Is TVS diode fast enough to protect MCU from MOSFET malfunction?

Question

I am using standart N-channel MOSFET (Fairchild FDS6676) switch like in this picture:

Load is actually 10A resistive and 27V power source is fused with 15A non-recovery fuse. I am driving it directly from 3,3V logic - ARM MCU.

I know that MOSFET will be quite stressed because it is designed for 14,5A continuous current and 10A will be drained for sure. There might me some peaks to 12-13A for few miliseconds. As I calculated, there will be about 3-4W of power loss on this MOSFET.

I have heatsink mounted, but still concerned about reliability (always with thermally stressed parts). In case of MOSFET break/malfunction (overcurrent peak above 14,5A or over-temperature failure), MOSFETS often shorts all terminals, so I could get 27V to gate and directly to MCU port. In case that S-D burned together will blow my fuse, but in case only S-G not...

My question is - is TVS protection diode fast enought to protect MCU in such scenario? Or is there any better approach? I am considering Littelfuse AQ4020-01FTG-C.

Thank you

Answer 1

Yes a TVS Diode, unidirectional, can protect your MCU if the fuse blows fast enough before the TVS diode gets burned itself. So you must use a fast blowing fuse with the smallest amperage possible. (Your symbol shows a bidirectional and it's not necessary.)

You didn't explain what type of signal will come from the MCU. Is it on/off, low frequency or high frequency? Depending on this, you can chose stronger protection with varistors. They are more robust than TVS diodes but have a capacitance of 1000 to 10 000 pF, compared to single digit pF or sub pF capacitance of a TVS Diode.

Also add a resistor, between the TVS Diode or the varistor if you choose one, and the MCU. you can go as high as 22K but here again, the higher the value, the lower the frequency.

But there is another problem, not part of the question: 3.3V is a bit low, the bare minimum in fact, for the MOSFET gate, For better MOSFET efficiency, less Rds, it's better to use at least 5V and possibly more, up to 16V. The more the better. So I would suggest to add a circuit to bring more voltage to this gate. With a second MOSFET for example. For 10A, that's what I would do.

Answer 2

You could split Rin in half and add a clamp to the middle node, for example a cheap jellybean BJT.

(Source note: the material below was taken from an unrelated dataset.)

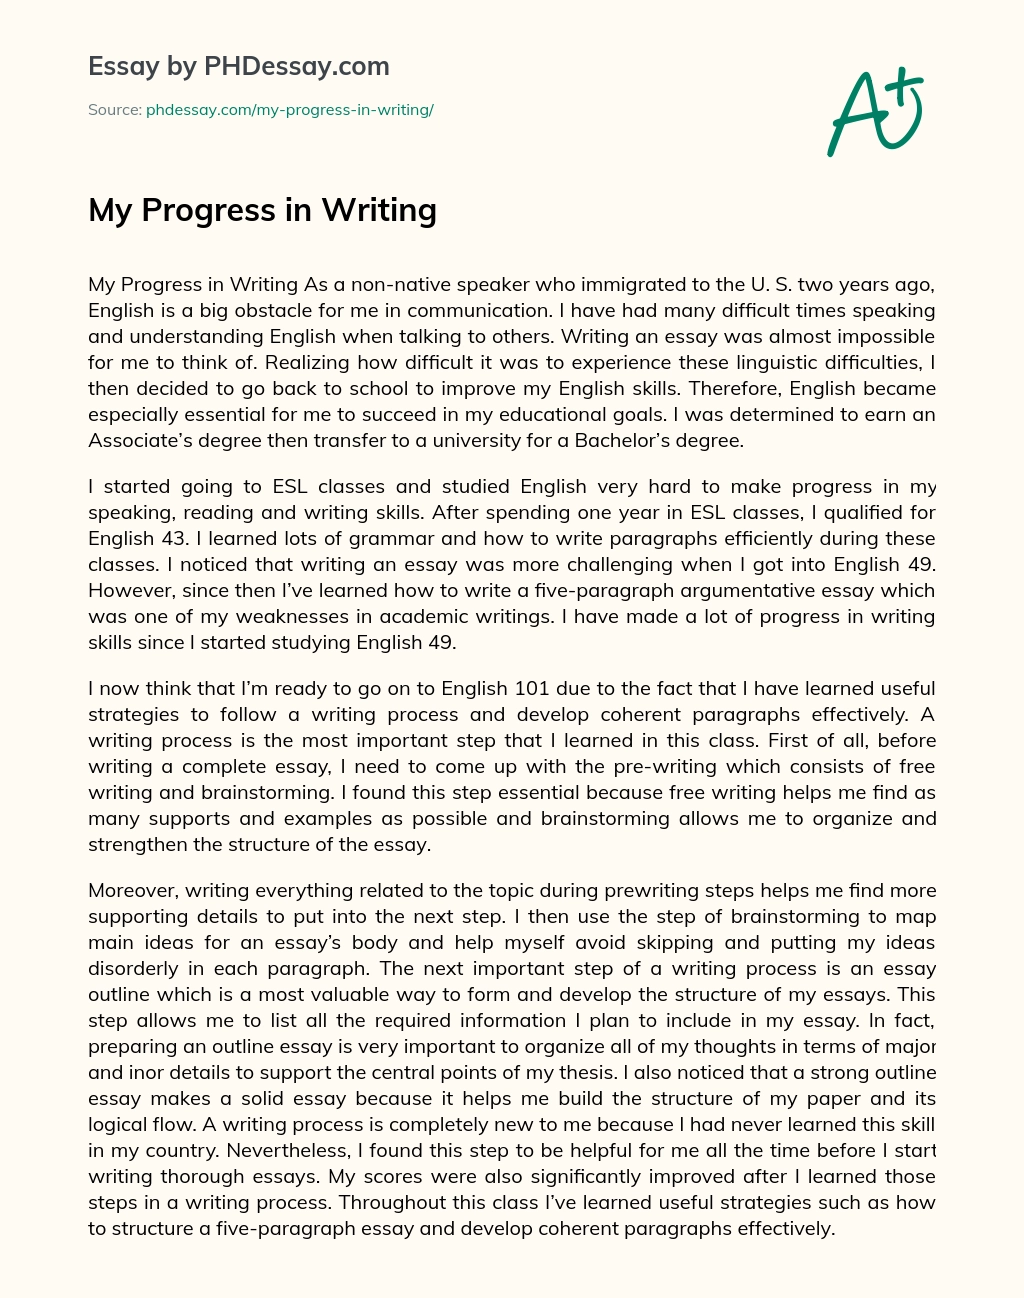 My Progress in Writing essay

Speaking of cheap- it sounds like you're going a little cheap on the MOSFET, why not use a better MOSFET that has a higher rating and lower Rds(on) so you're not throwing away watts of power? It also does not have guaranteed Rds(on) with 3.3V drive so you're gambling. For example, this one, which would have perhaps 300mW dissipation. It's also about the same price.